**PROVIDED MATERIAL:**
○ ○ ○ ○ ○

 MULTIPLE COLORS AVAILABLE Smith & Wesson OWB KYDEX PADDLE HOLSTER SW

○ ○ ○ ○ ○

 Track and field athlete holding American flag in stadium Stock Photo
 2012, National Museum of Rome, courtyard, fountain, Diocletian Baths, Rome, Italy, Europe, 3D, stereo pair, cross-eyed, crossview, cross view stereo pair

○ ○ ○ ○ ○

**TASK DIRECTIONS:** The required output is every line above from the one with "Track and field" down to the one with "2012, National Museum", restated word for word, ends included.

**SOLVED PROBLEM:**
 Track and field athlete holding American flag in stadium Stock Photo
 2012, National Museum of Rome, courtyard, fountain, Diocletian Baths, Rome, Italy, Europe, 3D, stereo pair, cross-eyed, crossview, cross view stereo pair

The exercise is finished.